● **DATASET EXTRACT**:
--- START ---

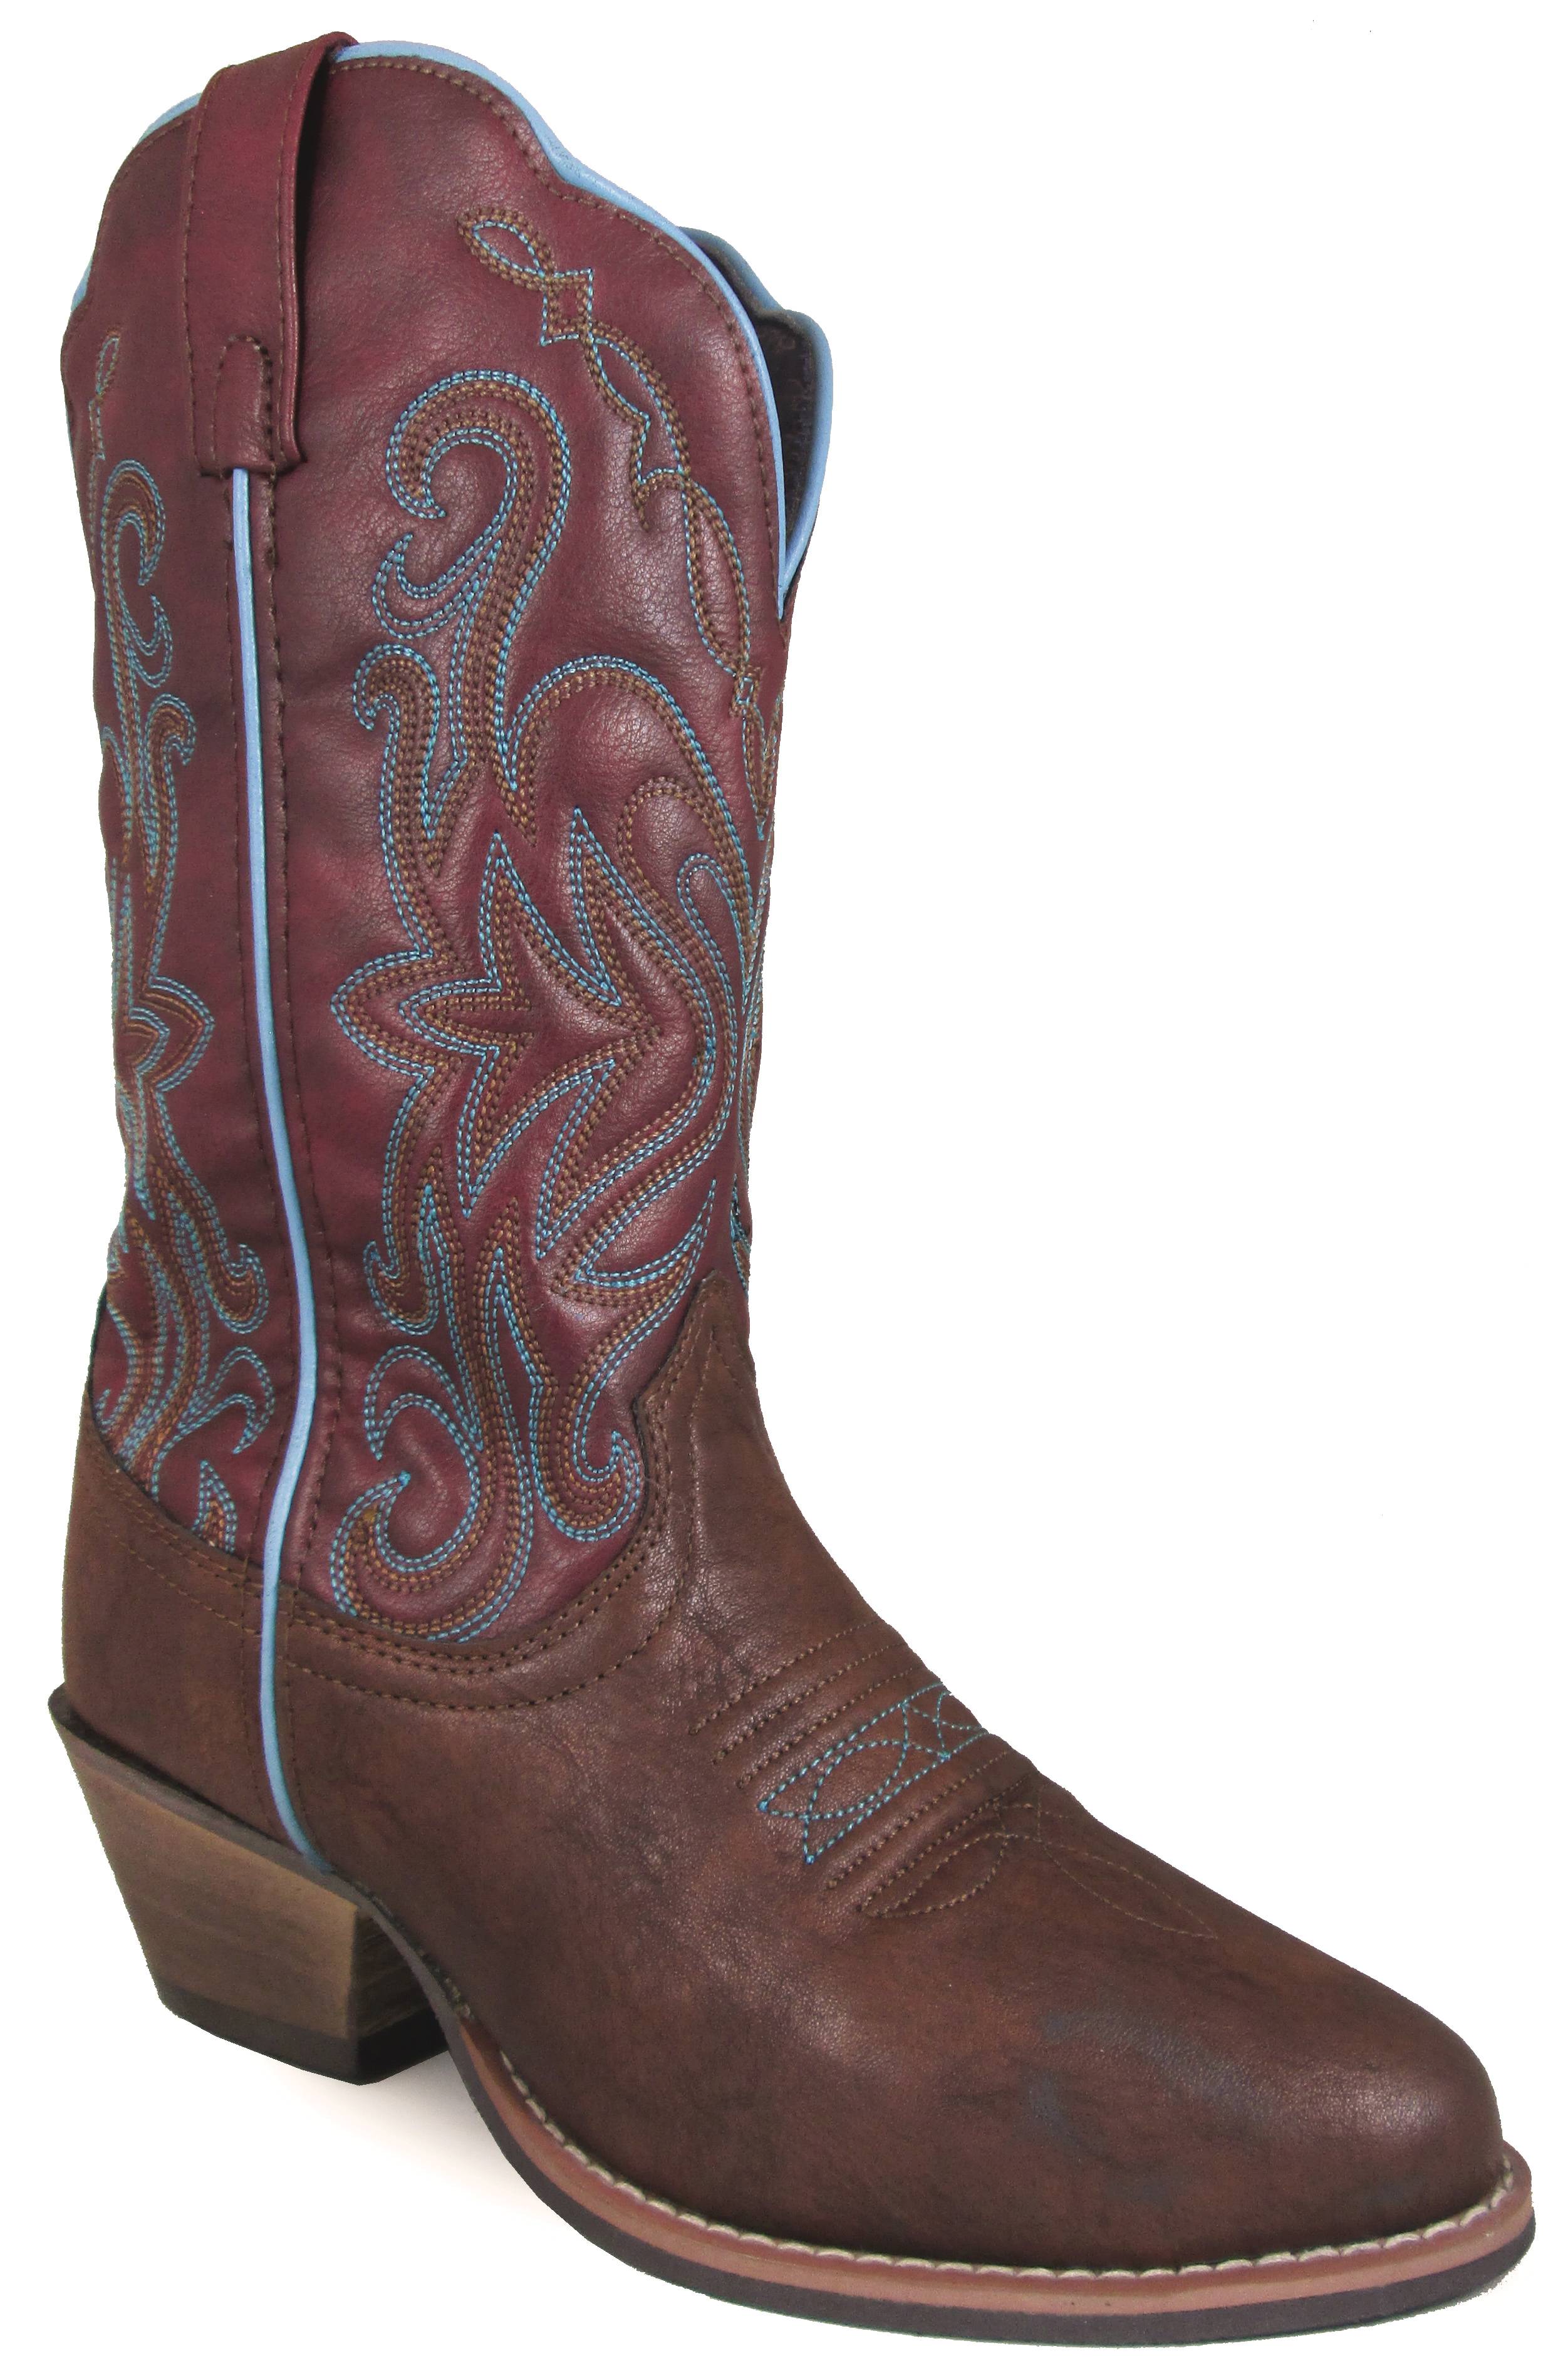 Smoky Mountain Altona Western Boots - Ladies  - Brown/Rust
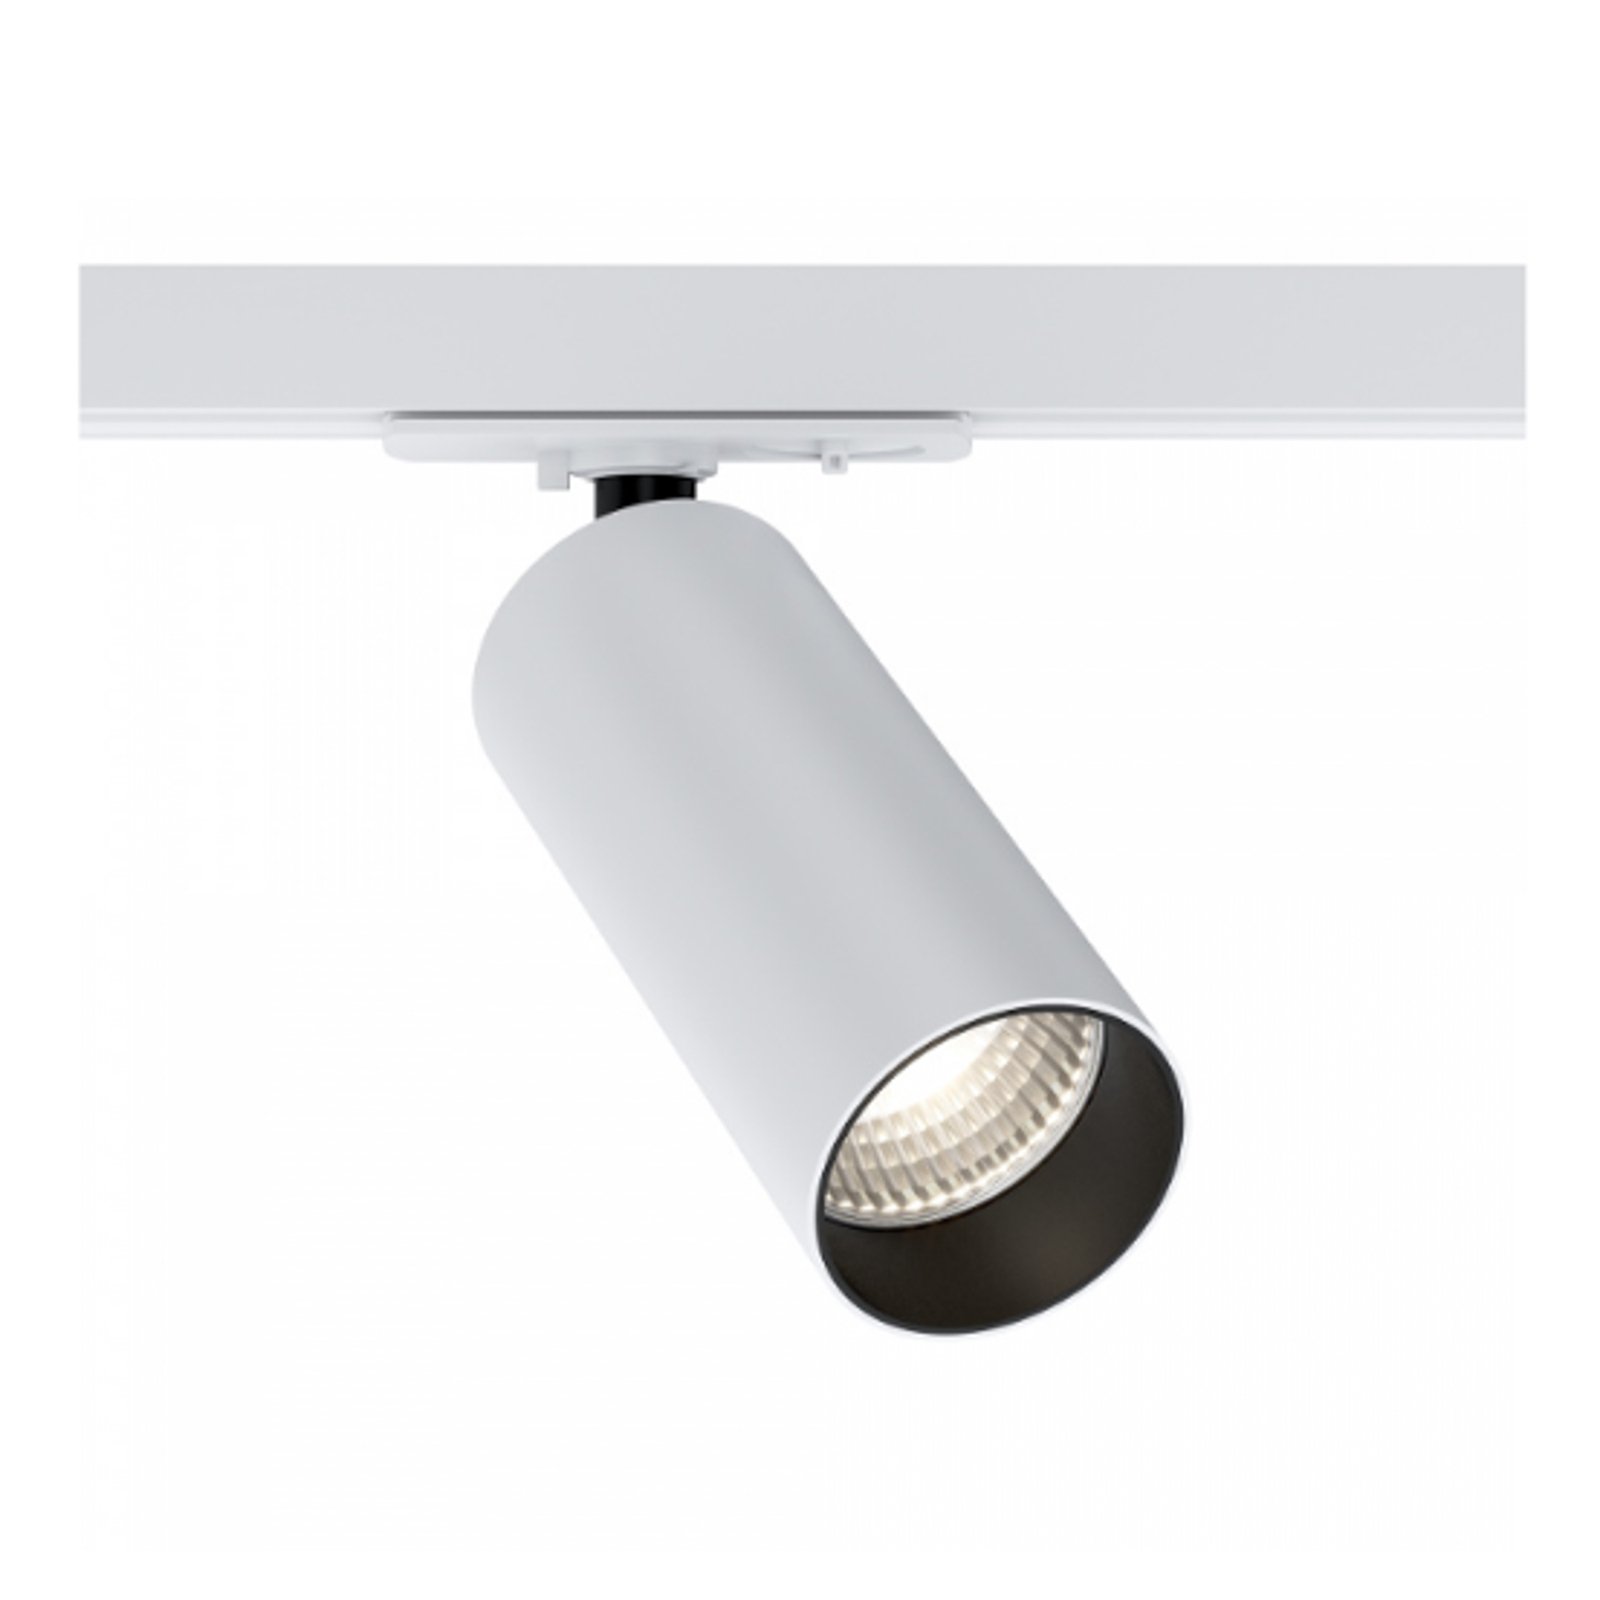 Maytoni Focus spot LED, système Unity, Triac, 930, blanc
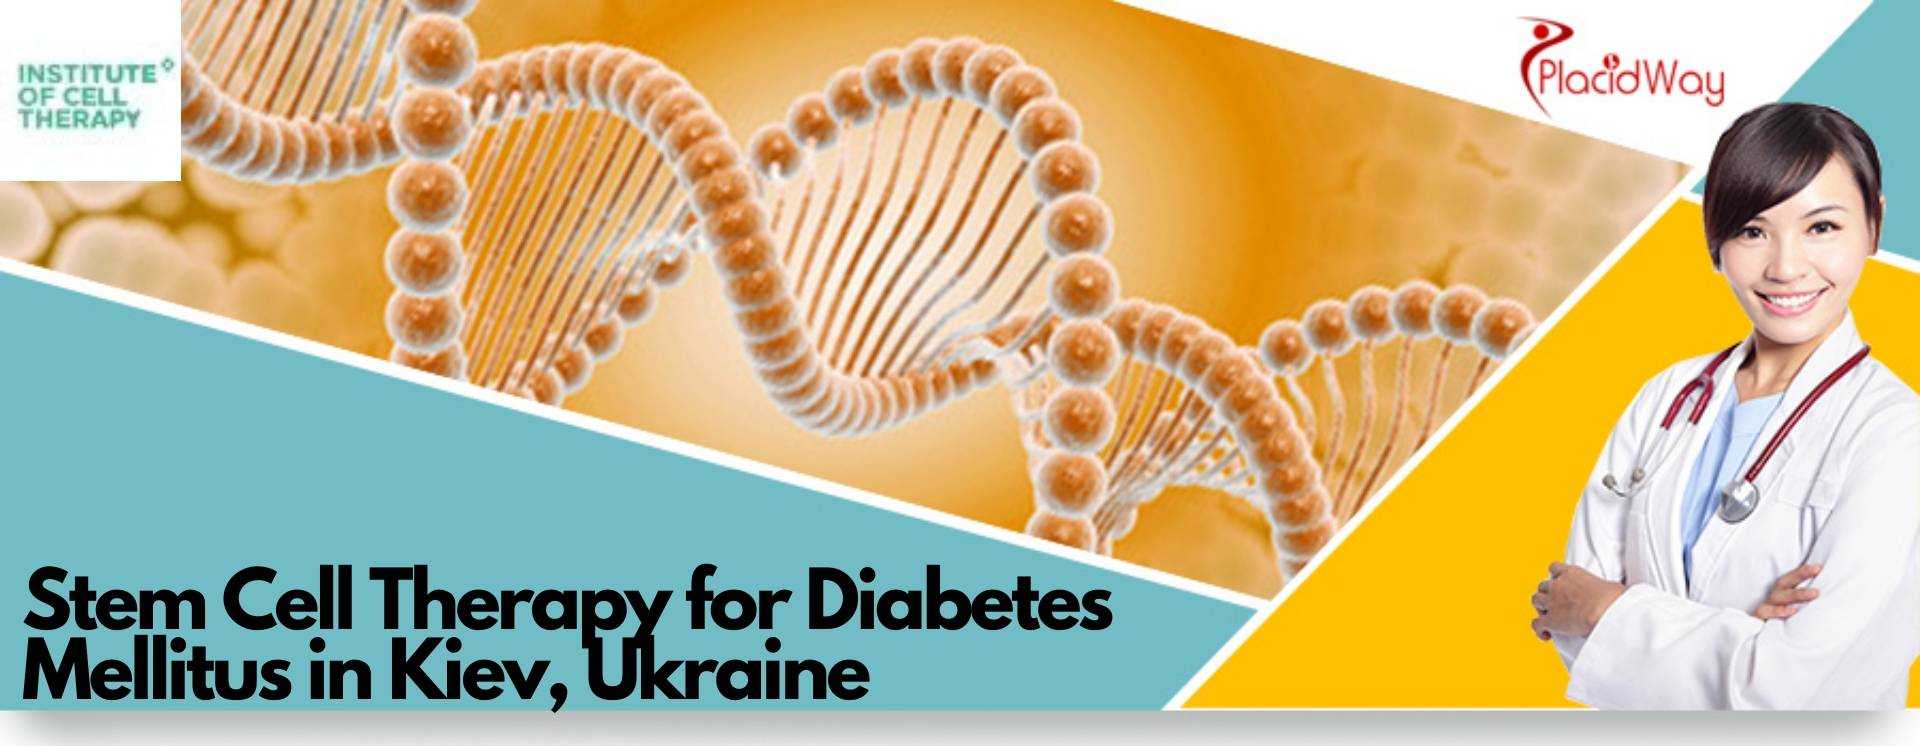 Stem Cell Therapy for Diabetes Mellitus in Kiev, Ukraine

--- END ---

● **EXERCISE AIM**: Omit the pictures, then output the rest of the listing exactly.

● **REPLY TO THE TASK**:
 Smoky Mountain Altona Western Boots - Ladies  - Brown/Rust
 Maytoni Focus spot LED, système Unity, Triac, 930, blanc
 Stem Cell Therapy for Diabetes Mellitus in Kiev, Ukraine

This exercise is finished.